I sometimes think about that interaction when I wonder about the value of religious responses to crimes by those who fear no law or lawgiver. The wearing of the ally pin was so clearly and obviously a purely symbolic act with psychological and (in some circles) social benefits for the wearer but no real-world results at all for those who were declared the beneficiaries of the supposed allyship. It ended up becoming a symbol of inaction and self-congratulation. Can we say anything different about the religious responses within our walled-off rituals?
The Witches’ curses haven’t put a single member of the former administration in jail. The offerings haven’t led to any indictments. The speeches at blót haven’t stopped a single bomb from falling in Eastern Europe or a single plutocrat from doing whatever in the world he pleases. The consequences for the powerful are as sparse on the ground after the curses, offerings, and speeches as they were before.
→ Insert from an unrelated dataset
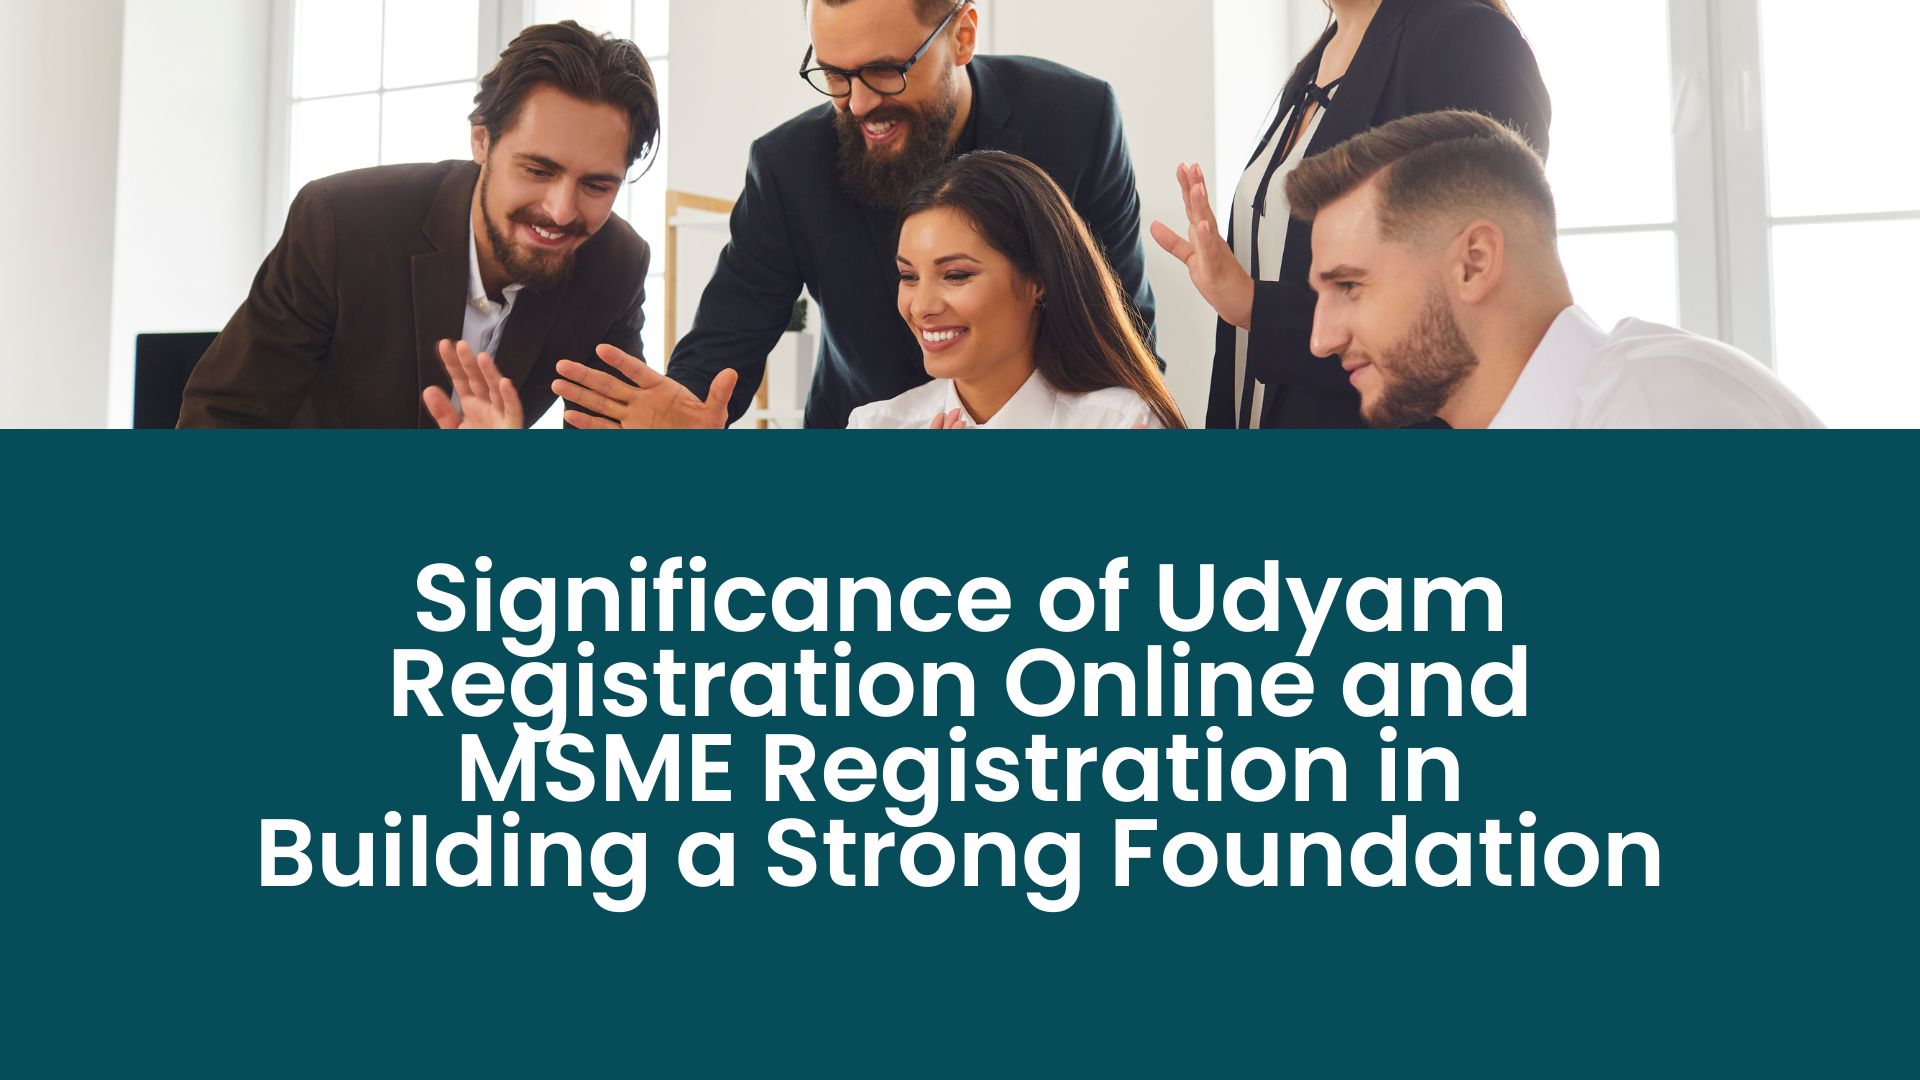 Significance of Udyam Registration Online and MSME Registration in Building a Strong Foundation

Determination and innovation
So what are we doing here? Are we just comforting ourselves in a bewildering world in which we have no real power? Yes, self-expression and healing are truly important when surrounded by inequality and oppression, but is that as far as it goes?
I don’t have all the answers, but I do know that I don’t want to pat myself on the back for putting on a safety pin. I want what we do to have real-world effects that challenge the hegemony of the powerful.
The question I always come back to is one of connecting our religious beliefs and practices to action in the world. We do these things in ritual, and we take actions in the sociopolitical world we live in. It’s the bridging of the two that is key – the building of bridges between what we do in the circle and in the world.
Will anything happen?
If we want to answer that bothersome question with a resolute and resounding yes, if we want there to finally be consequences in the here and now, then we must build those bridges.
Aside from the old standbys of increasingly questionable efficacy in this bizarre era we live in – the public protest and the participation in elections controlled by two corporate parties – what is the path that leads from determination within a religious setting to real results in the world outside of that setting? Hashtivism long ago degenerated into ineffective self-parody, and the leaders we elect while hoping for consequences quickly settle into the same traditional dramatic roles and make grand speeches while letting the worst offenders do as they damn well please.
Will anything happen?
It will only happen when we find a way to let our determination drive our innovation and our allegiance to the Old Way illuminate a new path forward – a path that may, finally, lead to real consequences.